Por outro lado, percebemos que o legislador tem sua responsabilidade em relação a esses abusos. Isso porque, embora se reconheça que o legislador se esforçou para manter firme o princípio do dever de licitar, admitimos que ele não foi feliz. A Lei n. 8.666/93 utiliza expressões muito vagas: “mesma natureza”, “mesmo local” e “que possam ser realizadas…” tornando difícil a fixação de um critério seguro.

Em relação ser regra ou exceção, recorrermos a Lei Maior. À luz do texto constitucional, podemos verificar que a licitação foi imposta como regra. Tal assertiva baseia-se no inciso XXI do art. 37 da Constituição diz que: “ressalvados os casos especificados na legislação, as obras, serviços, compras e alienações serão contratados mediante processo de licitação pública que assegure igualdade de condições a todos os concorrentes, com cláusulas que estabeleçam obrigações de pagamento, mantidas as condições efetivas da proposta, nos termos da lei, o qual somente permitirá as exigências de qualificação técnica e econômica indispensáveis à garantia do cumprimento das obrigações”.

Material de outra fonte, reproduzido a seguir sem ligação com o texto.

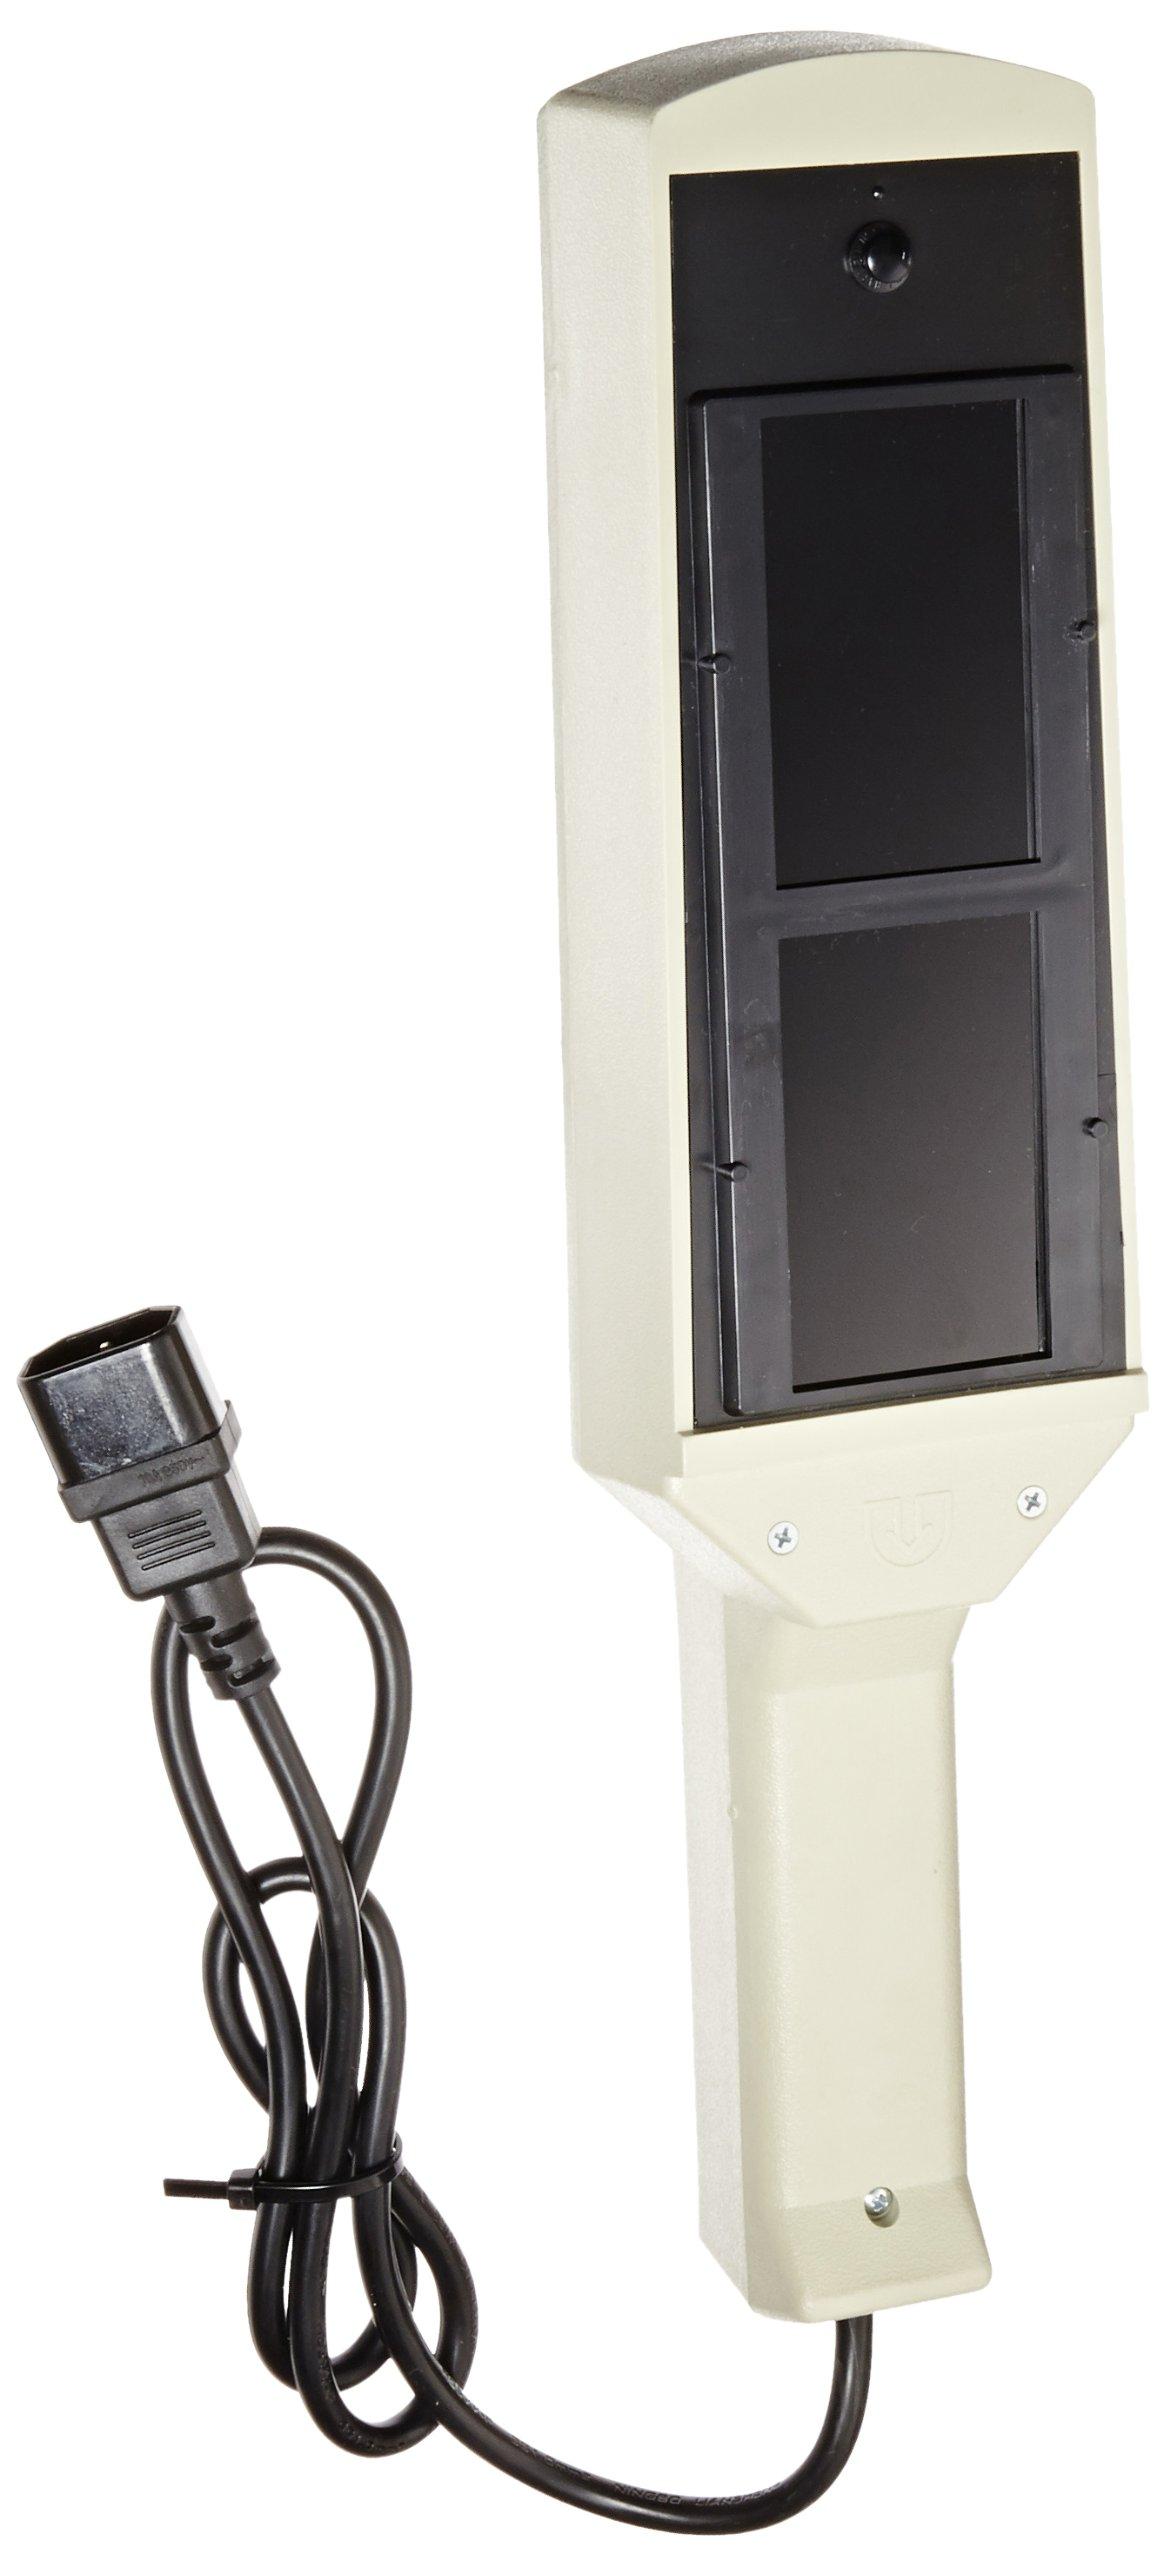 UVP 95-0007-06 Model UVGL-58 Handheld 6 Watt UV Lamp, 254/365nm Wavelength, 115V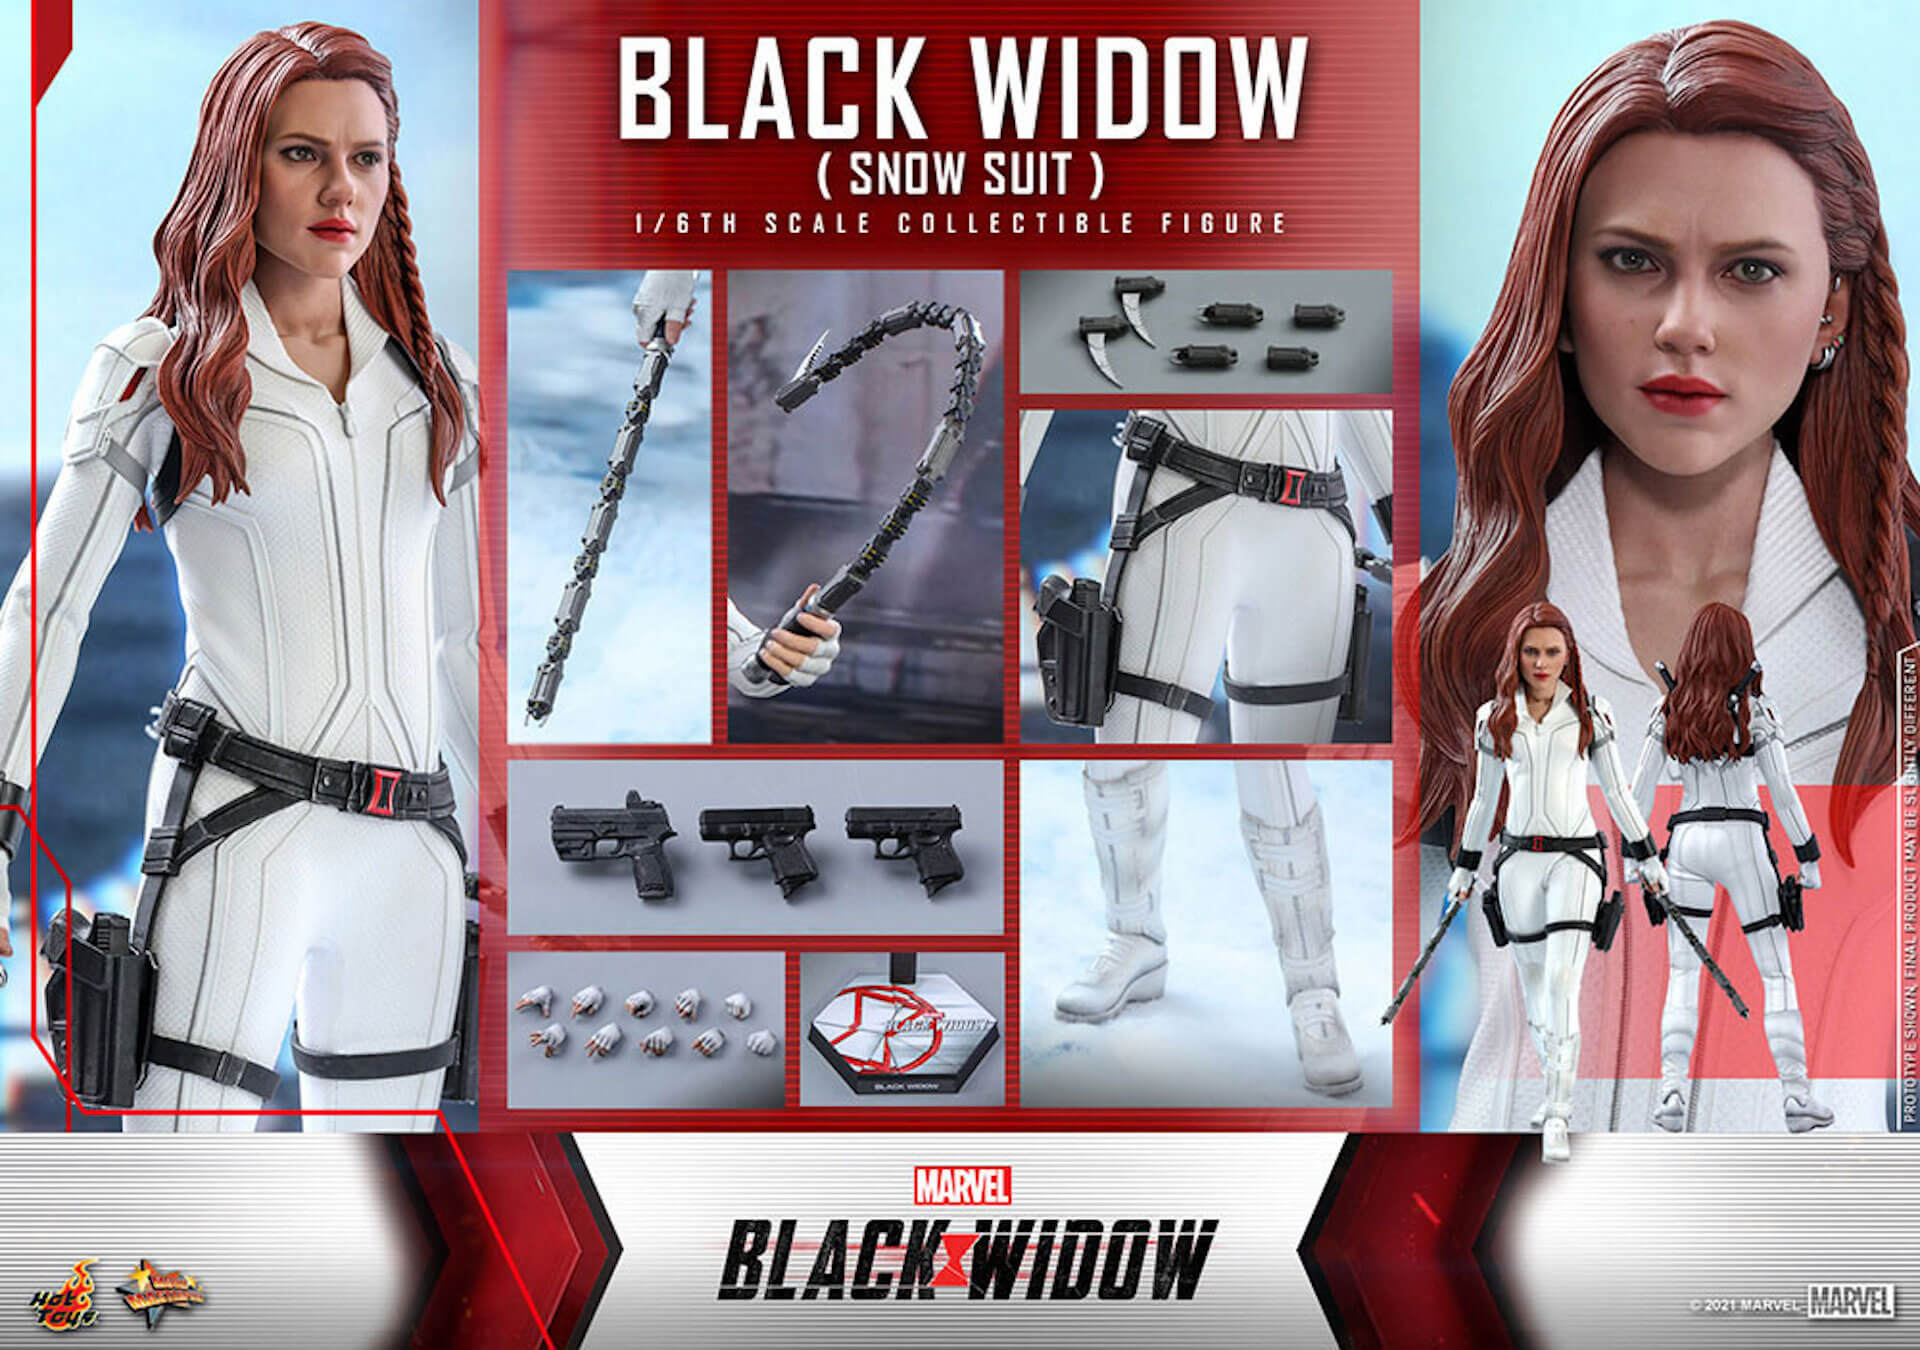 マーベル・スタジオ『ブラック・ウィドウ』のブラック・ウィドウ&タスクマスターがホットトイズの1/6スケールフィギュアになって登場! art210618_hottoys_blackwidow_10

Fundamentados nesse dispositivo, entendemos que a regra é licitar. A própria doutrina, que em tantos pontos diverge, nesse aspecto torna-se unânime.

Porém, fundamentados no mesmo dispositivo que nos baseamos para afirmar que a licitação é regra, dizemos que este dever é relativo. Se não houvesse a ressalva inicial, a licitação seria um dever absoluto, o que afastaria a possibilidade da existência de qualquer hipótese, no plano ordinário, que pudesse justificar contratações diretas. Diz o citado preceito que, ressalvados os casos especificados na legislação, obras, serviços, compras e alienações devem ser contratados mediante licitação.

O que muitas vezes nos faz pensar diferente é o ordenamento infraconstitucional. Estas hipóteses de dispensa e inexigibilidade precisam ser repensadas, para que assim possam estar de acordo com a Constituição da República. Como dito em aula, não se busca burocratizar o que deve ser simples, mas garantir transparência e viabilizar uma seqüência procedimental mínima indispensável à boa gestão dos recursos públicos.

É preciso, pois, para interpretar-se adequadamente o problema, conciliar o critério constitucional e o ordinário. Em outras palavras, é preciso ter um pé na Constituição e outro na Lei nº 8.666/93. Ficar só com a Constituição é ter um princípio sem exceção. Ficar só com a Lei nº 8.666, conforme muitas vezes ocorre, é ter uma exceção sem princípio ou uma exceção que se torna princípio. Não vale nem uma nem outra solução, pois isso representaria radicalizar o sistema jurídico. A função do intérprete é encontrar o ponto de equilíbrio entre o dever e a exceção, seguindo a lição de Carlos Maximiliano.